Цветная полоса – одна.
Но семь цветов семью огнями
Горят в одной. Любовь одна,
Одна до века, и не нами
Ей семицветность суждена.
Часть I. Анна смотрит на «Кресты»…
1
В раскрытое окно, всего на мгновение придав окружающему миру осмысленности, порхнула крапивница с темными леопардовыми пятнами на кирпично-рыжих выгорелых крыльях. Застыла в воздухе в секундном раздумье и бросилась обратно в оконный проем в какофонию летних душистых и манящих запахов. Удаляющееся движение крыл. Пропала без следа…
Питирим сидит пред мольбертом. В мастерской пахнет смесью жженой сиены, легким ароматом ириса, смородиной, насыщенным петербургским летом. Тополиный пух стелется по полу. На деревянном табурете, накрытом золотистым покрывалом, фарфоровая ваза с изображением нимфы и цветов нарцисса. В вазе темно-зеленые смородиновые листья и цветущий Caprician Butterfly46, с крупными нежно-фиолетовыми лепестками, вдоль которых вкраплением легли яркие желтые стрелки. Неувядающее совершенство…

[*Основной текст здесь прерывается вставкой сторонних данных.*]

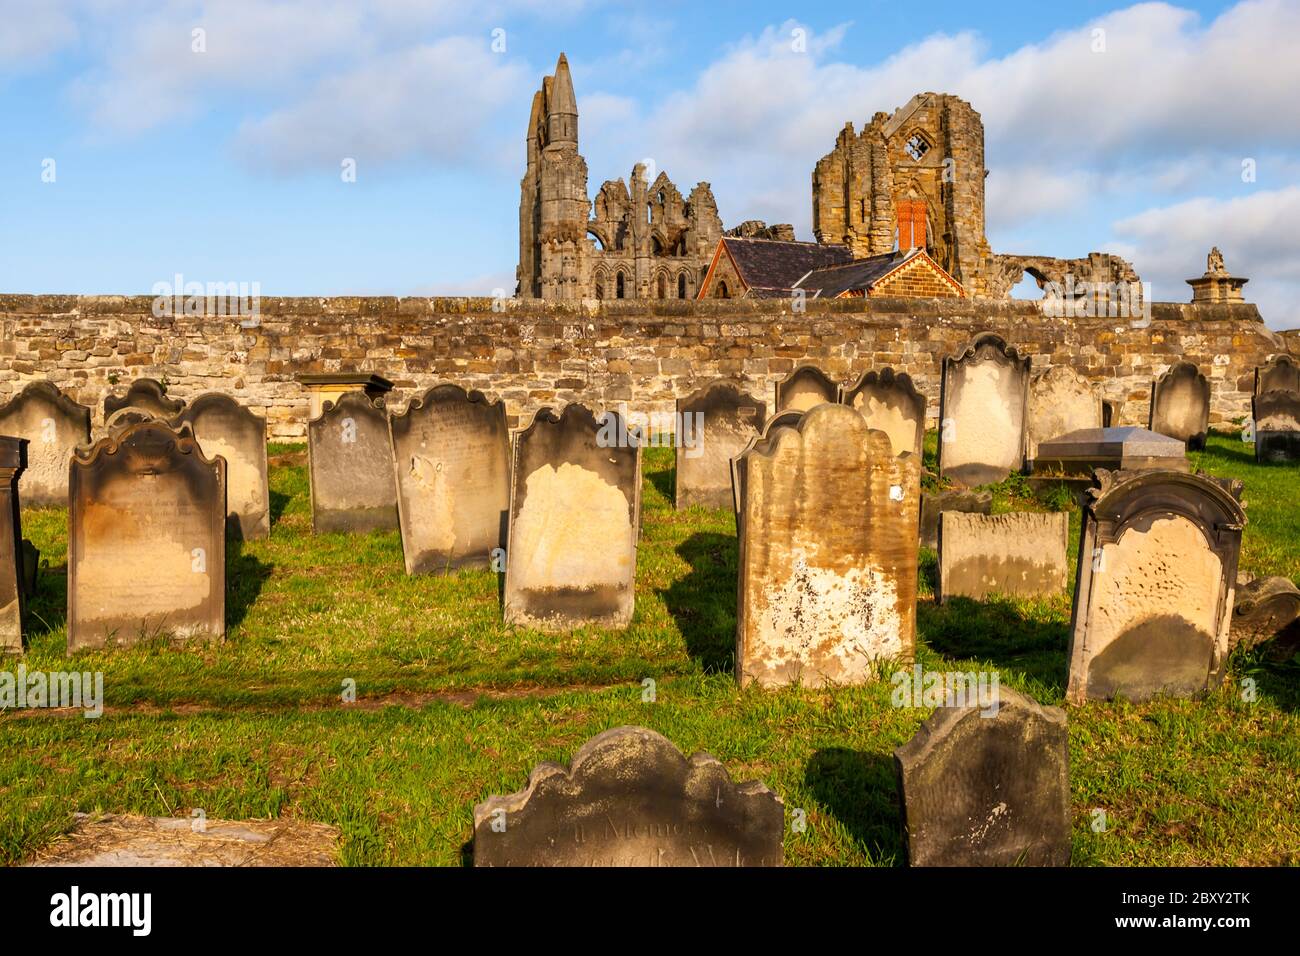 Cemetery at the Church of St Mary in Whitby, Scarborough, England Stock Photo

Стены в мастерской цвета ван-дик. На паркете в беспорядочном колыханье разложены листы с набросками: рисованные углем тонкие пальцы рук с аккуратно остриженными ногтями, испещренные бесчисленным множеством бороздок крупные мозолистые ладони, высокие скулы, надбровья, прикрытые веки, длинные изящно изогнутые ресницы, выдающийся вперед подбородок, чья-то улыбка, седая прядь, прикрывающая висок, край ушной раковины…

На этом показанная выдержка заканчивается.